I am not overtly worried about the 5' shift and its impact on resolution. If there is a simple way to implement it, then I will. I am assuming that Tn5 possibly requires enough free DNA to sit properly before it can cut, so I am giving it a footprint of 10 bp (VERY arbitrary call by me). Alex

ADD REPLY • link 4.4 years ago alexandre.blais ▴ 50

0

Entering edit mode

My concern came from realizing that peaks are often fairly broad, and I have noticed in my data some areas WITHIN a single peak, where DNA accessibility is different between two treatments. I feel the differential accessibility in such cases occurs on just a small fraction of the peak and may be missed if we look at whole peaks, but a window-based approach like csaw might catch it.

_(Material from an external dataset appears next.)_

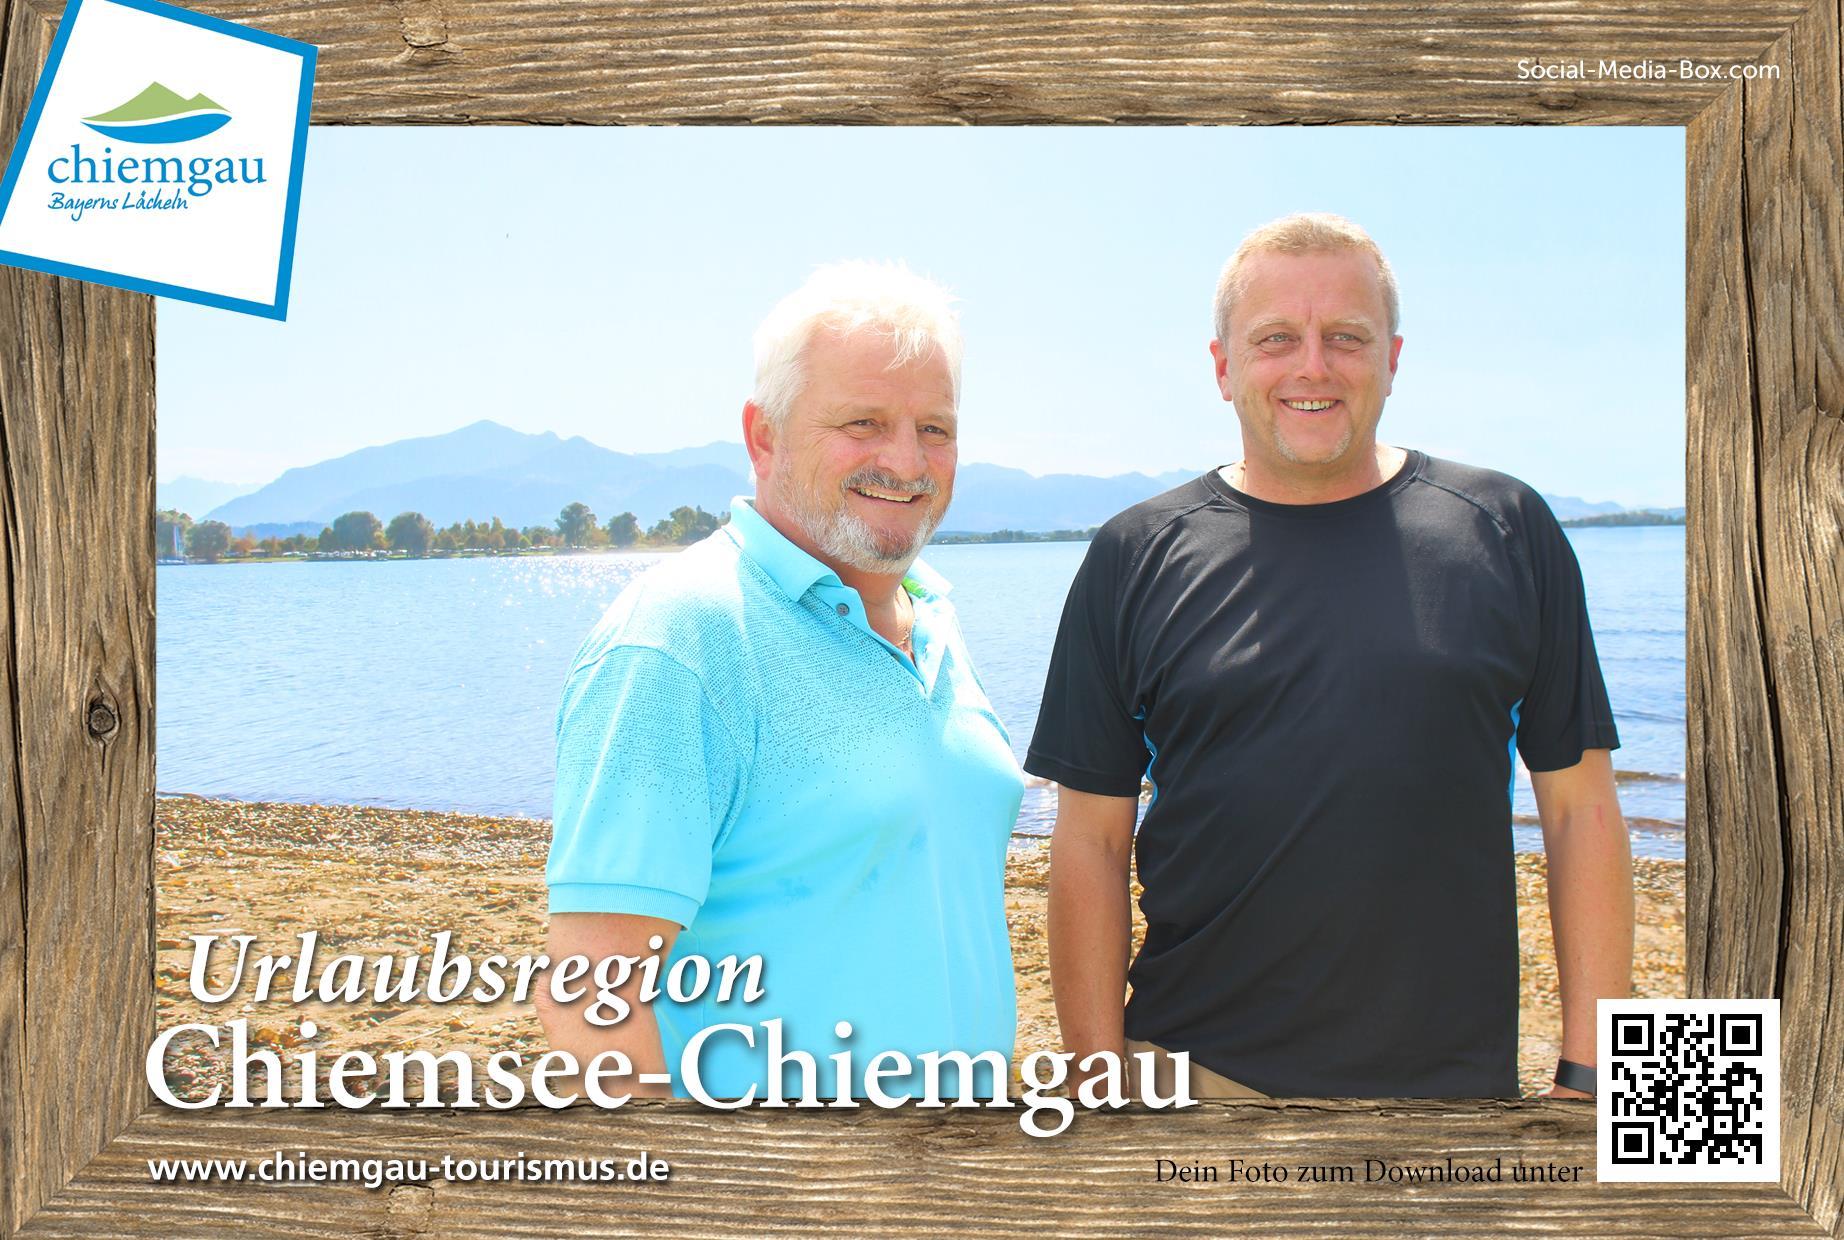 Chiemgau Tourismus – Strandbad Alpenradtour

I have been realizing the same issue. Particularly when a consensus peak with a larger length is generated (by merging peaks from multiple samples). I'm also thinking of trying out this csaw approach for the same issues raised by alexandre.

ADD REPLY • link 4.3 years ago Antonio Ahn ▴ 10

score 1 · Answer 1 · 2020-10-15

I've never dealt with ATAC-seq data myself, but IIUC, the 5' end of each read corresponds to the Tn5 insertion site. So if you want to test for differential accessibility at the resolution of insertion sites, you could just treat the paired-end reads as single-end reads. No need to bother making inferences on the interval between the two paired reads. This process only makes sense in ChIP-seq because we know that the binding site must be somewhere inside the fragment, but for ATAC-seq, that reasoning is not applicable because the activity of interest is happening on the ends of the fragment rather than in the middle.

So, you could set readParam() to trick it into thinking it's single-end data, set ext= to some arbitrarily short length (maybe 1 bp?) and slide a window of your desired width across the genome. A 150 bp window seems like a sensible place to start, though I don't really have a good feeling of the resolution of ATAC-seq data. For ChIP-seq, I was happy enough knowing the location of a DB peak within ~100 bp.

On a related note, I don't think it's possible to implement the 5 bp shift in csaw - are you working at resolutions where this matters? If your windows are ~100 bp wide, it doesn't really matter whether you give or take a few bp here or there.